Haven, at the time, had said, “It’s okay, I don’t have to comb her hair…she doesn’t know me, I’m a stranger.” Haven was seated in our dining room. Her back was straight in the suit, her legs were elegantly crossed. Her tea sat unsipped beside her. She had not wanted ice-cream cake. Had they run out of things to say? I don’t know. She’d been taken upstairs and shown the rooms — that took five minutes — and she had seen the strawberry garden. Leala sat at the dining-room table, having had her hair combed, and drew with crayons on paper, a tall, big-eyed woman with pretty hair who was probably Haven, and a short, fat one who was our mother. Our mother stood nearby and watched.
My mother yelled at me: “She wants to comb your hair, let her comb it!”
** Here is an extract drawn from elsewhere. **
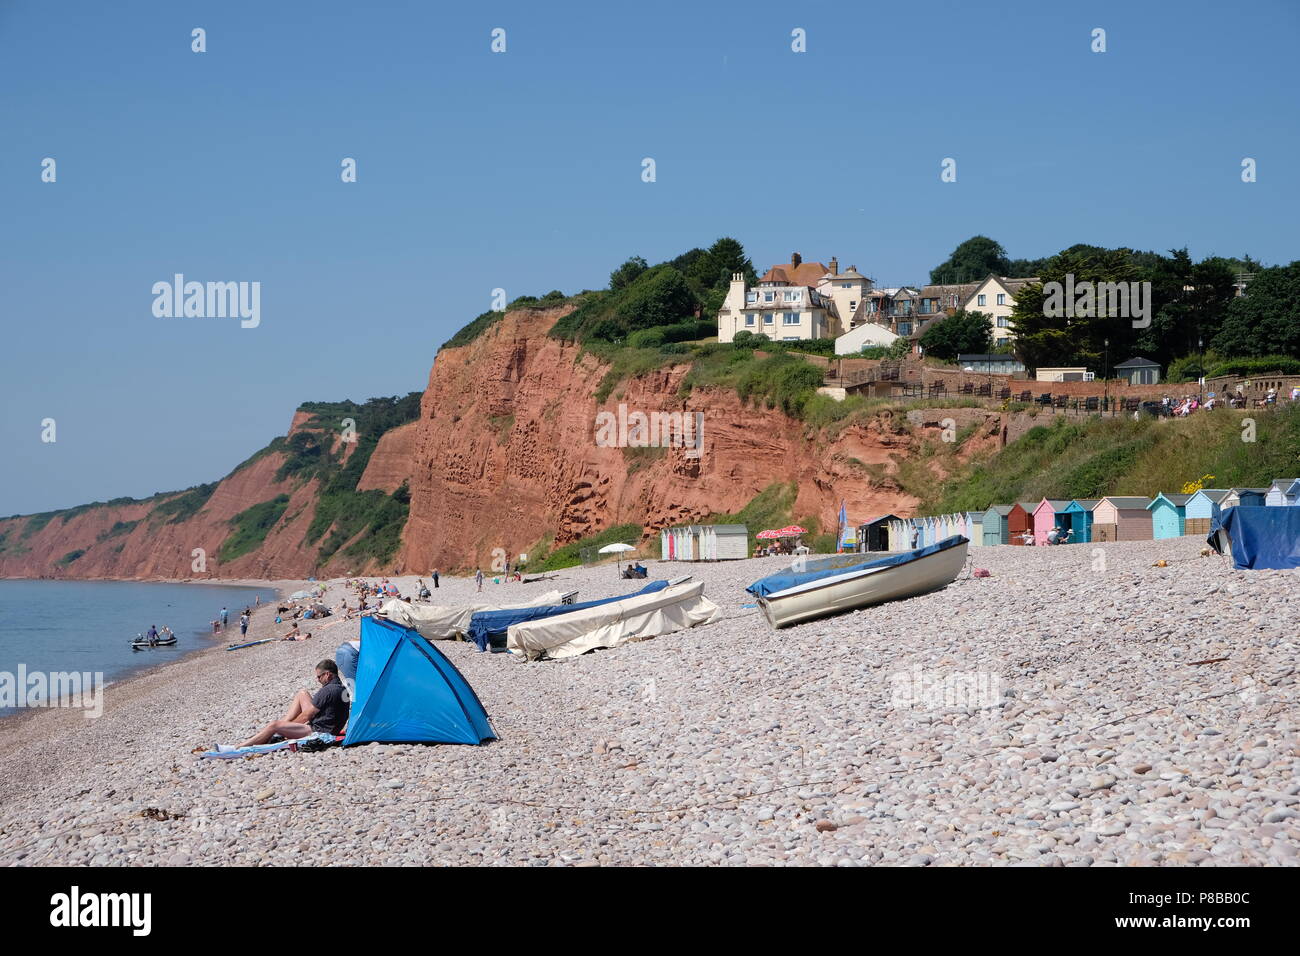 The sea front at Budleigh Salterton, South Devon, England, looking west. The red cliffs visible are of Triassic age, also known as the Jurassic Coast Stock Photo

Her voice was very angry. I knew quite well that she was concerned about the impression her friend would have of the house, her rude daughters, a miserable failure, tangled daughters, messy house, plaid skirt. I knew how she wanted Haven to love her.
“No,” I said.
Haven said, “It’s okay, it’s okay.”
Our mother said, “If you don’t let her comb your hair you are going to get a punishment when your father comes home.”
I said, “I don’t care.”
Pause.
I said, “Leala can comb my hair.”
“Really, it’s fine,” Haven said, “really.”
Our mother said, “Leala’s your sister, she’s a child, let Haven comb your hair, she’s an adult. Now go sit still so she can comb it. If you are rude to my friend Haven”—her head had lowered like a bull’s—“I will take you up to your room and I will spank you so hard that you will be sorry.”
Haven was handed the comb. I steeled my nerves. I cannot describe the pain of being a little girl and having your hair combed. Why it is so painful is a mystery. The fact of the pain invites disbelief and seems ludicrous.